Records to process:

****************************************

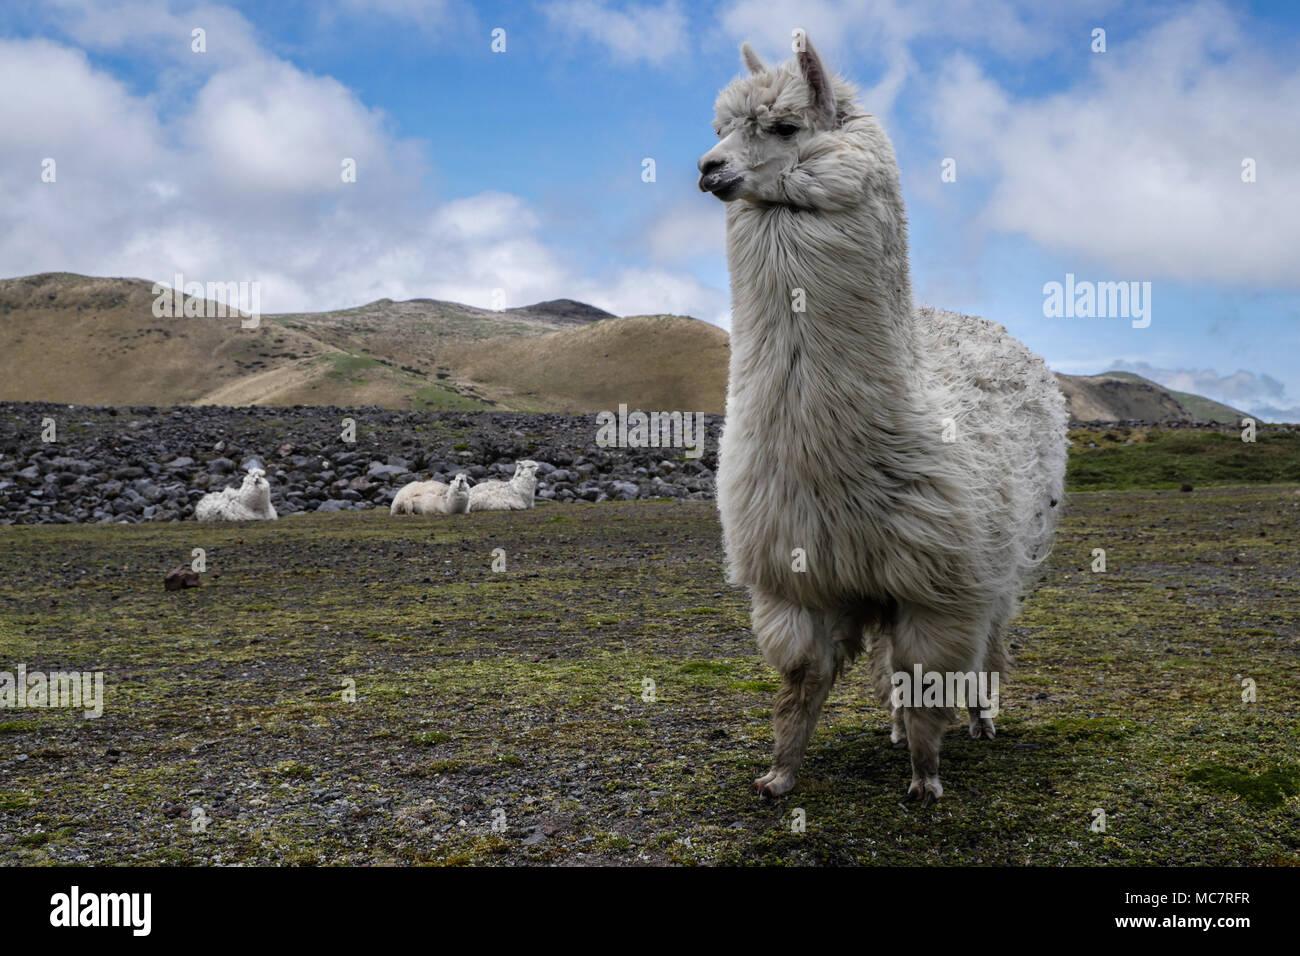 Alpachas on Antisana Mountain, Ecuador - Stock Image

****************************************

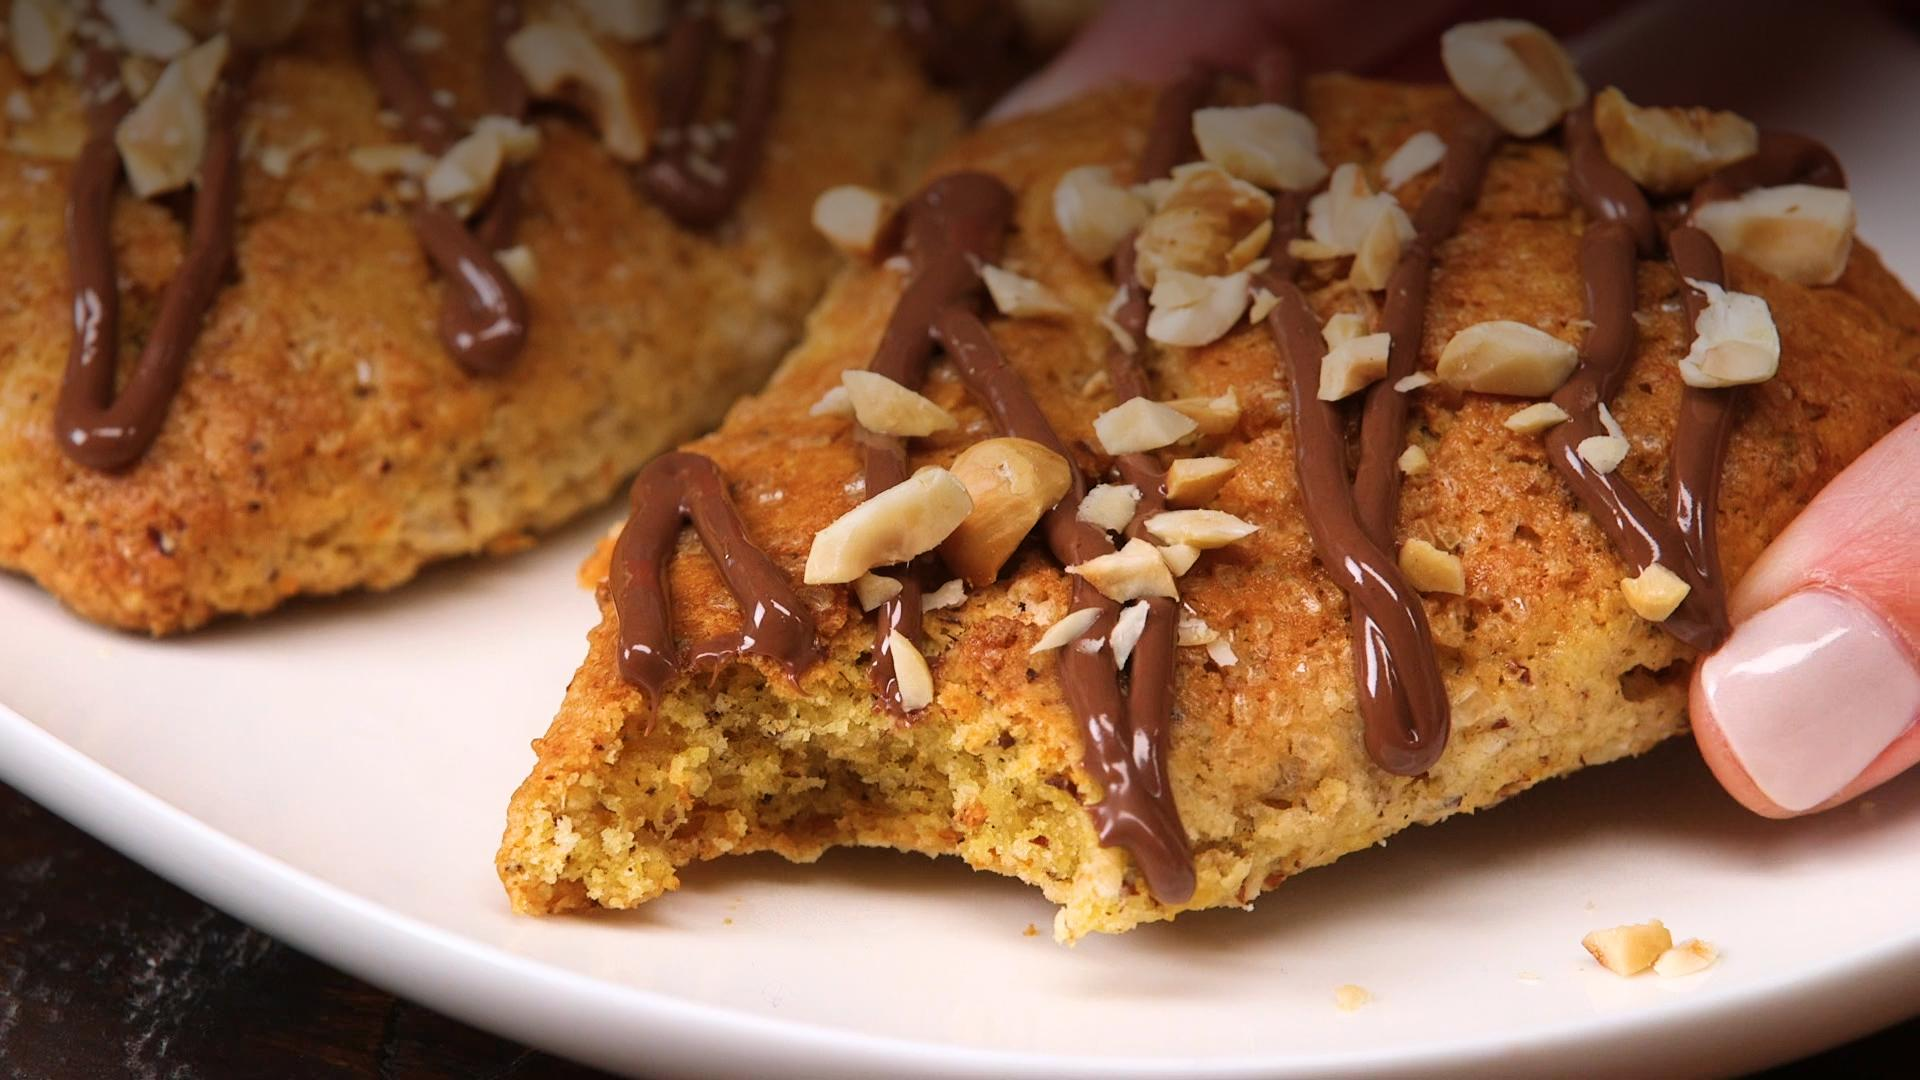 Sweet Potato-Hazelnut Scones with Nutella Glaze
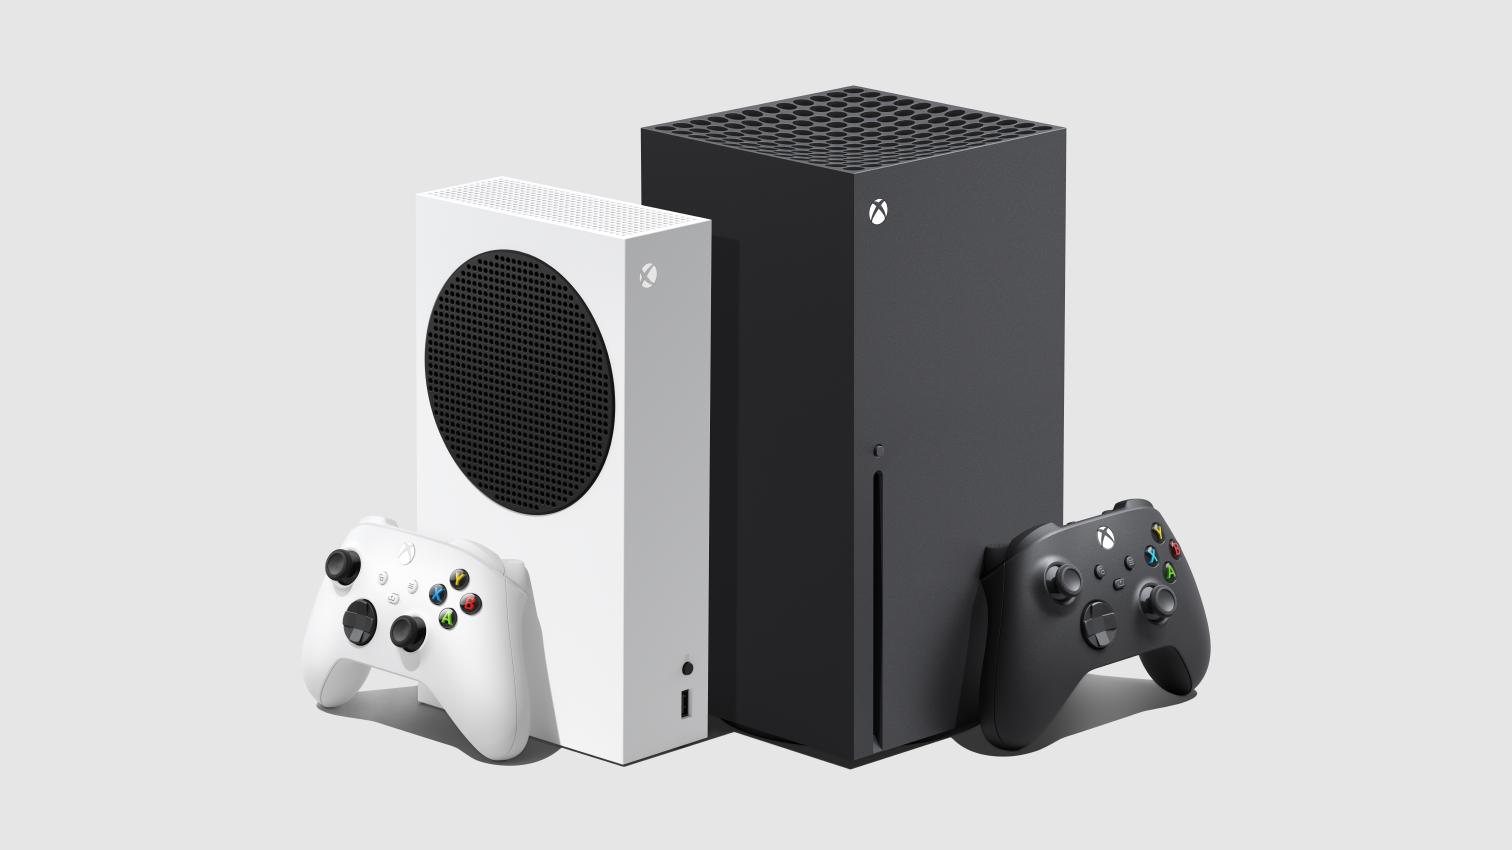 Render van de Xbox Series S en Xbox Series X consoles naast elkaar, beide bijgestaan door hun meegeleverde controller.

****************************************

Work to complete: Each line above that falls between the line with "Sweet Potato-Hazelnut Scones" and the line with "Render van de" should be printed exactly, together with those two lines, but the pictures should not.

Task solution:
 Sweet Potato-Hazelnut Scones with Nutella Glaze
 Render van de Xbox Series S en Xbox Series X consoles naast elkaar, beide bijgestaan door hun meegeleverde controller.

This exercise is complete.